Моя рука рванула змею, рванула: напрасно! она не вырвала
змеи из глотки. Тогда из уст моих раздался крик: "Откуси!
Откуси!
Откуси ей голову!" -- так кричал из меня мой ужас, моя
ненависть, мое отвращение, моя жалость, все доброе и все злое
во мне слилось в один общий крик. --
Вы, смельчаки, окружающие меня! Вы, искатели, испытатели и
все, кто плавает под коварными парусами по неисследованным
морям! Вы, охотники до загадок!
Разгадайте же мне загадку, которую я видел тогда,
растолкуйте же мне призрак, представший пред самым одиноким!
Ибо это был призрак и предвидение: что видел я
тогда в символе? И кто же он, кто некогда еще должен
прийти?
Кто этот пастух, которому заползла в глотку змея?
Кто этот человек, которому все самое тяжелое, самое
черное заползет в глотку?
-- И пастух откусил, как советовал ему крик мой; откусил
голову змеи! Далеко отплюнул он ее -- и вскочил на ноги. --
Ни пастуха, ни человека более -- предо мной стоял
преображенный, просветленный, который смеялся! Никогда
еще на земле не смеялся человек так, как он смеялся!
О братья мои, я слышал смех, который не был смехом
человека, -- и теперь пожирает меня жажда, тоска, которая
никогда не стихнет во мне.
Желание этого смеха пожирает меня: о, как вынесу я еще
жизнь? И как вынес бы я теперь смерть! --
Так говорил Заратустра.

    О блаженстве против воли



С такими загадками и с горечью в сердце плыл Заратустра по
морю. Но на четвертый день странствования, когда он уже был
далеко от блаженных островов и от своих друзей, он превозмог
всю свою печаль: победоносно, твердой ногою стоял он снова на
пути своей судьбы. И так говорил тогда Заратустра к своей
ликующей совести:
-- Опять я один и хочу им быть, один с ясным небом и
свободным морем; и снова послеполуденное время вокруг меня.

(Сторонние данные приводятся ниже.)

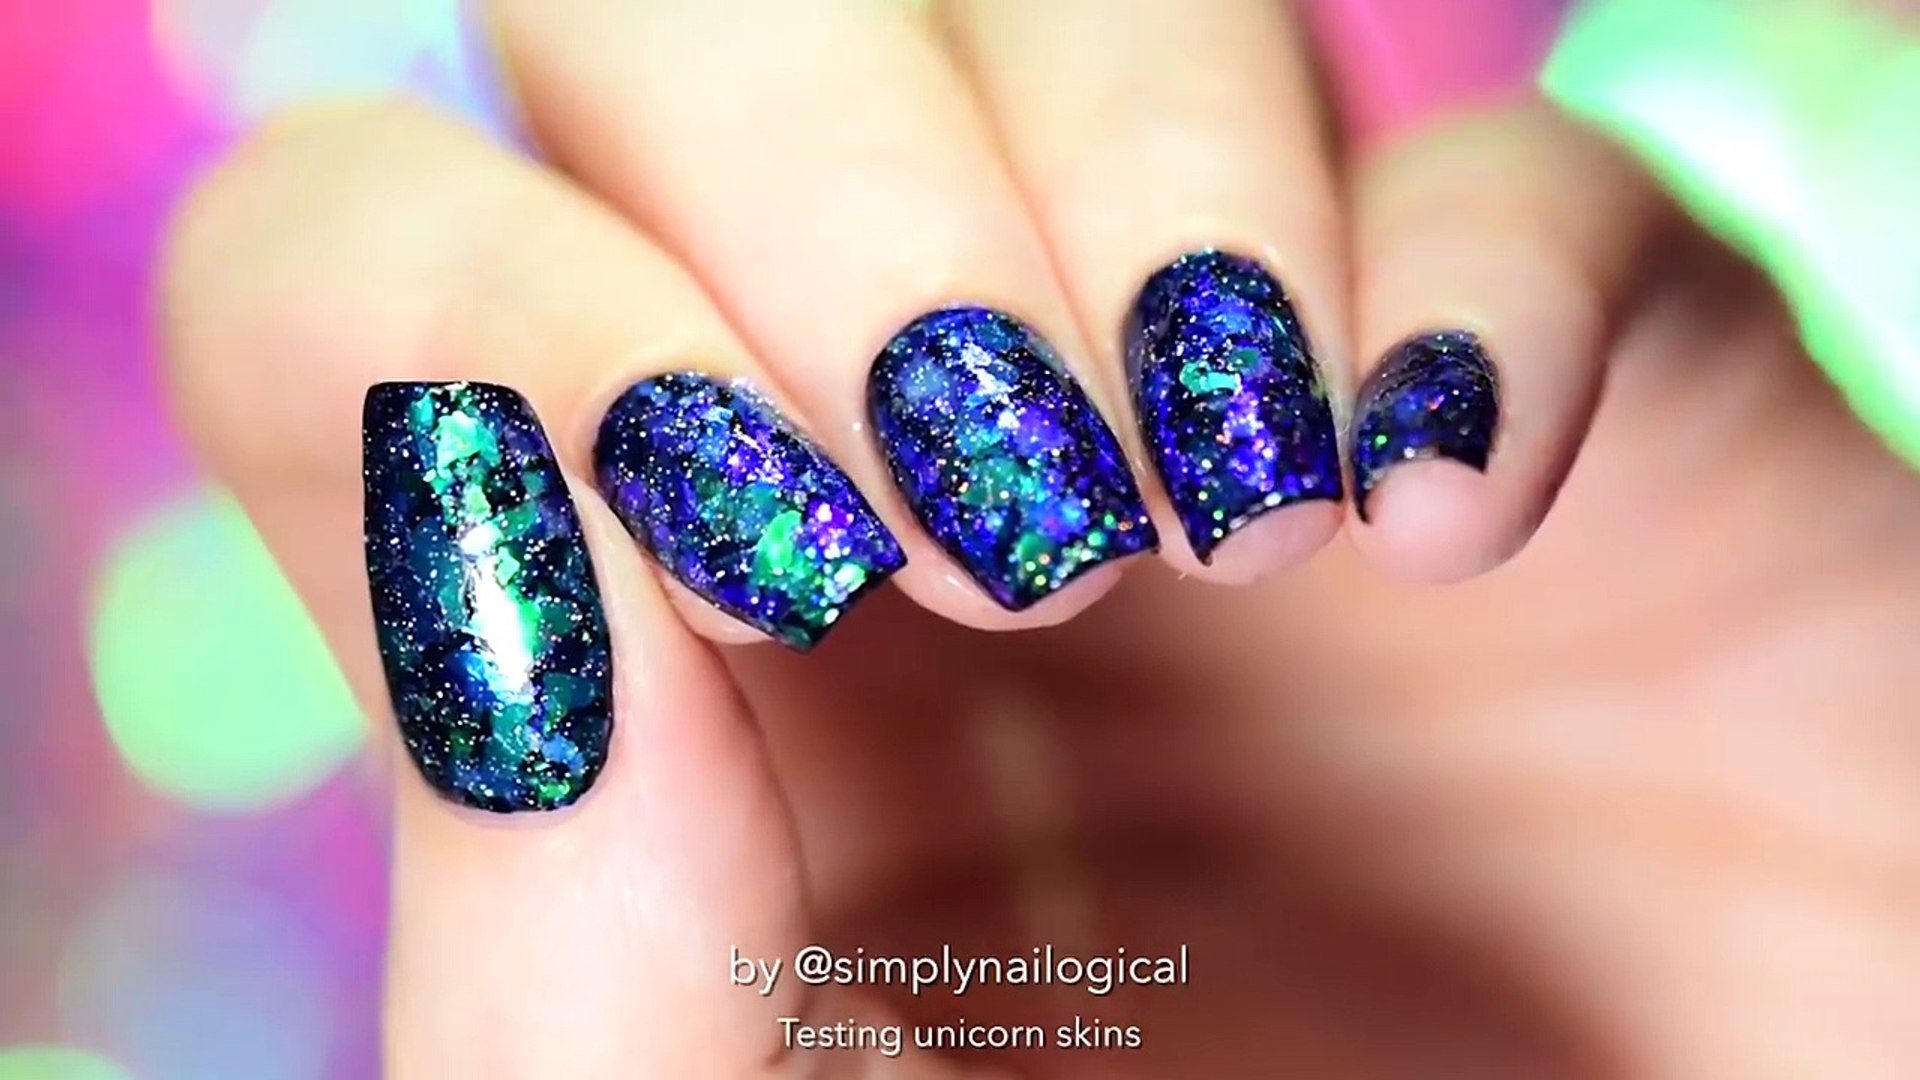 sne energi bunke I Tried Following A Simply Nailogical Nail Art Tutorial - video Dailymotion

В послеполуденное время обрел я некогда впервые своих
друзей, также в послеполуденное время вторично обрел я их: в
тот час, когда становится более спокойным всякий свет.
Ибо частички счастья, блуждающие еще между небом и землей,
ищут пристанища себе в светлой душе: теперь от счастья
стал более спокойным всякий свет.
О послеполуденное время моей жизни! Однажды спустилось
также и мое счастье в долину искать себе пристанища:
тогда обрело оно эти открытия, гостеприимные души.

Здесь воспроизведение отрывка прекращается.